With February looming it is make or break time as to whether we have kept our well thought out New Year’s resolutions.
In the merry month of December it’s easy to get carried away with unrealistic promises to yourself about how you’re going to make all those important self-improvement tasks.
It could be a plethora of things such as losing weight, being on time for work every day or even just remembering to speak to your loved ones more.
A poll by ComRes Global which interviewed 2,014 adults in the UK about their New Year’s Resolutions revealed a surprising amount of people in the East Midlands who haven’t managed to stick to their guns.

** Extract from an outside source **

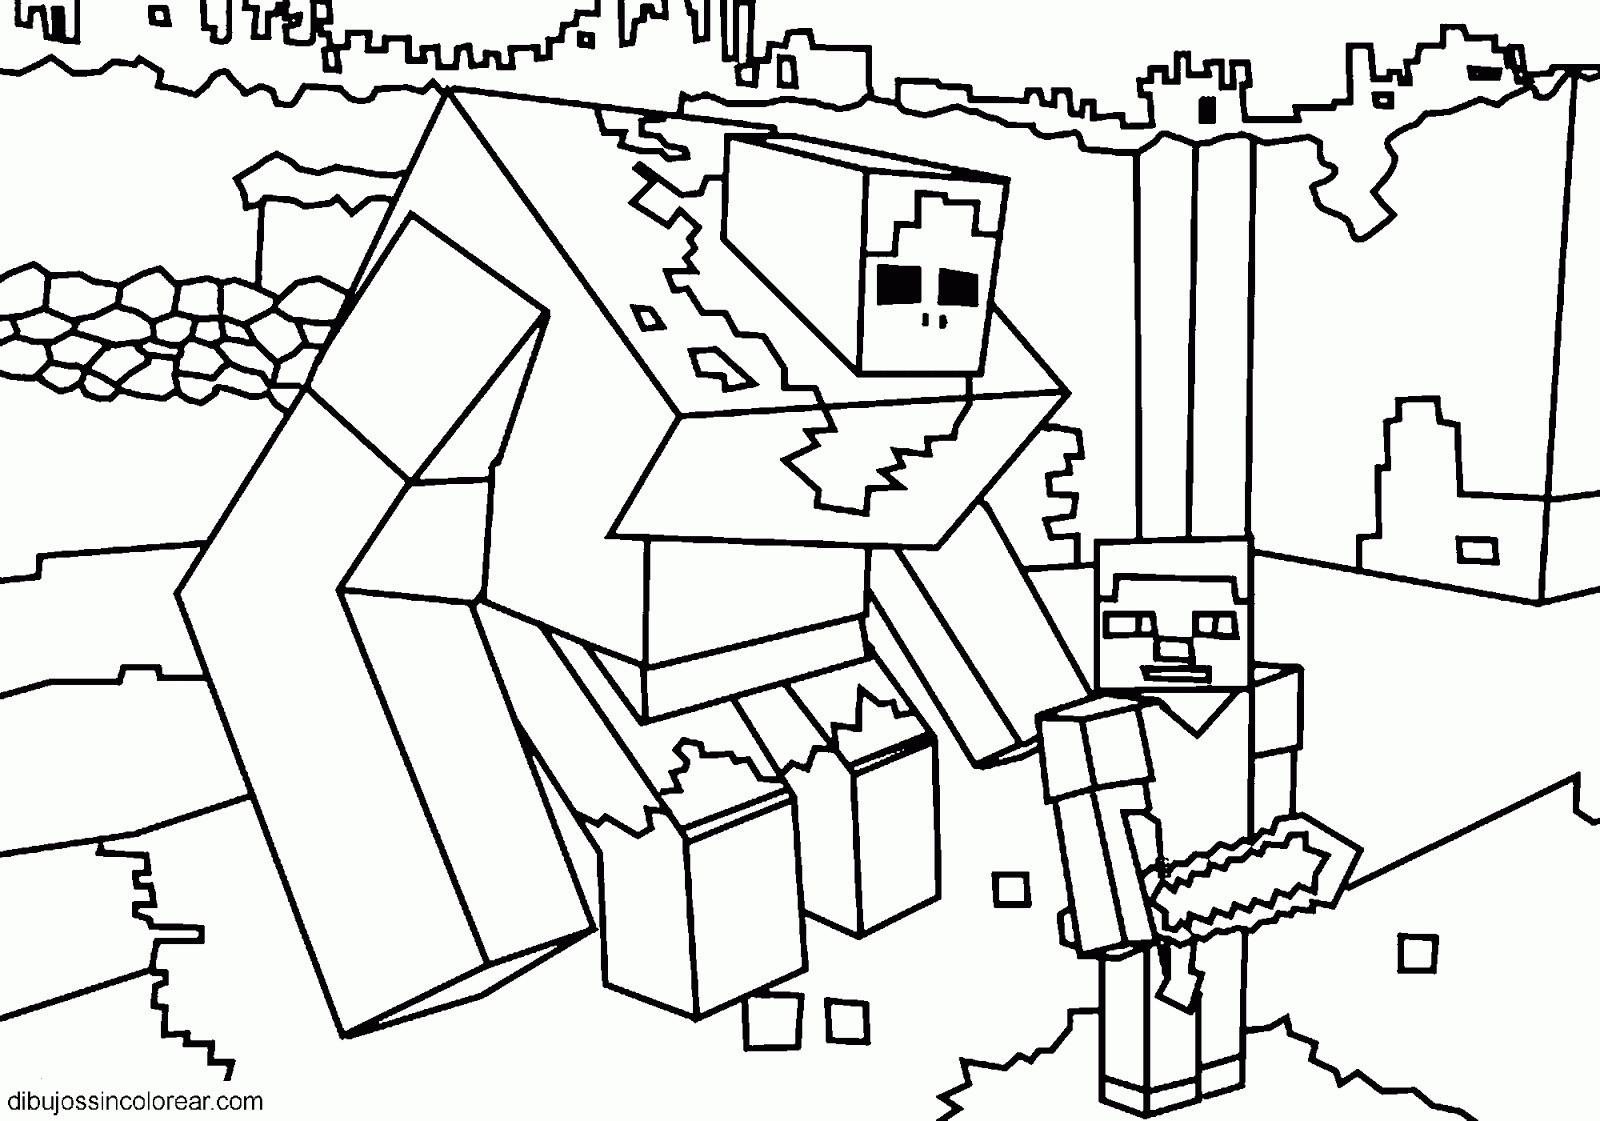 Ausmalbilder Minecraft Dorf Inspirierend Ausmalbilder Minecraft Schwert Uploadertalk Frisch Ausmalbilder Das Bild

Forty eight per cent of people said they wanted to lose weight, 15 per cent said they aspired to learn a new hobby or skill and eight per cent wanted to spend more time with family and friends.

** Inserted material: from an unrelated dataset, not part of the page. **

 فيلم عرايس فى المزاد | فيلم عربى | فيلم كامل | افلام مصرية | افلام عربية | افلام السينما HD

While these are all admirable goals the actual percentage of people in the East Midlands who claimed that they ended up giving up because they lost motivation was 43 per cent and 55 per cent said they were not committed enough.

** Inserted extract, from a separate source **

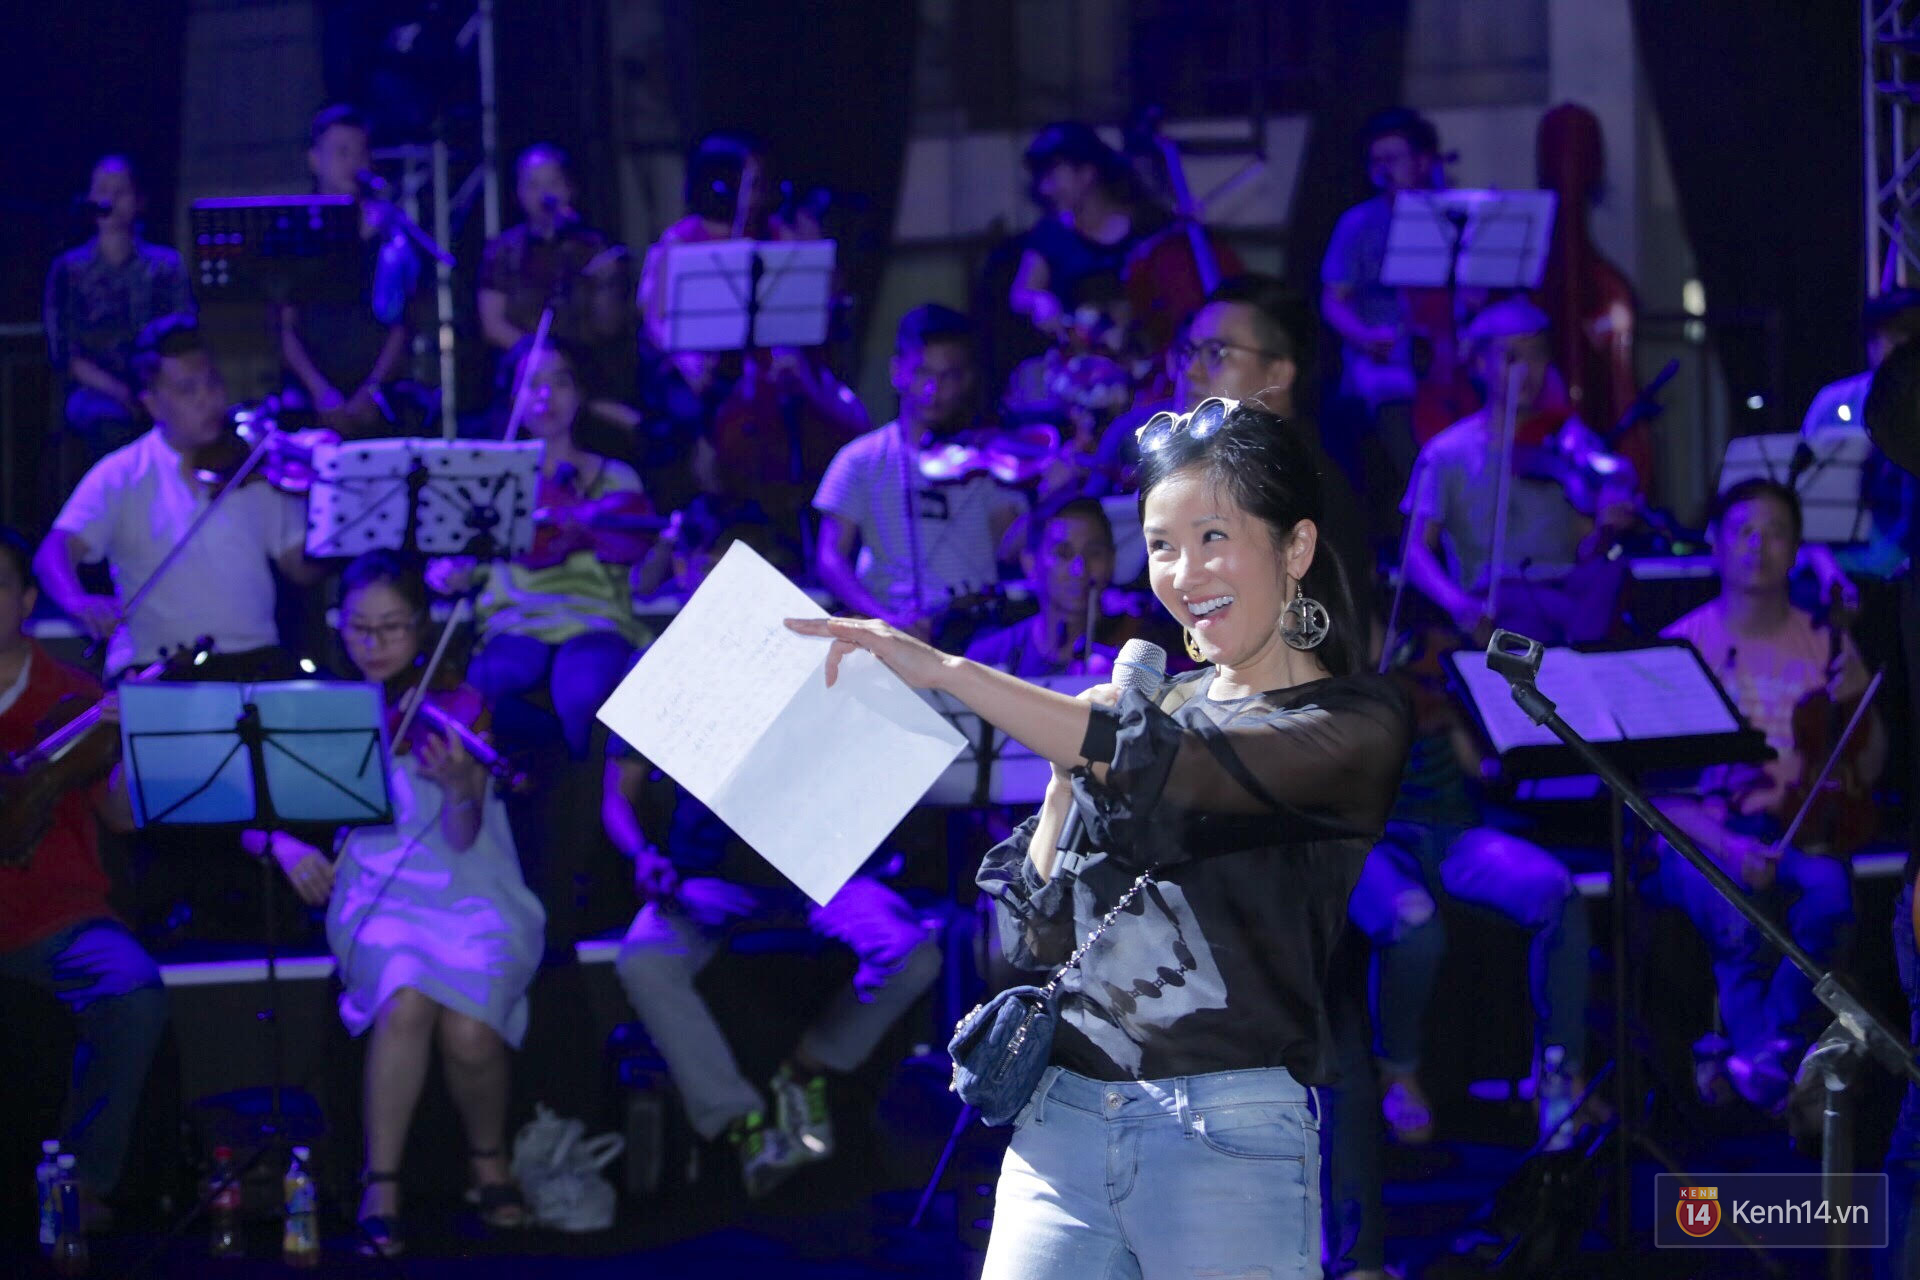 Diva Hồng Nhung gây xúc động, trình diễn như lên đồng tại buổi tổng duyệt Gala WeChoice Awards 2016 - Ảnh 2.

Nicola Yassin, Nottingham based Life Coach at Invisible Orchard Coaching, said “We look at resolutions as something that happens on January 1st but that is all just based on the tradition of ‘new year new me’.
“People don’t stick to their goals because they set them too big, for example if someone wanted to lose five stone I would tell them to set sub goals in between like starting to walk for 30 minutes a day.”
It’s easy to become impatient when waiting to see results of the change that you might make especially if it’s something you have worked hard towards.
Yassin continues: “Reflection and accountability are key, when people aren’t seeing the results that they wanted I get them to make a timeline of how far they’ve come and compare it to when they started.
“As humans we love to blame external factors for failing but once we self reflect and take full responsibility for ourselves you will be much more successful.”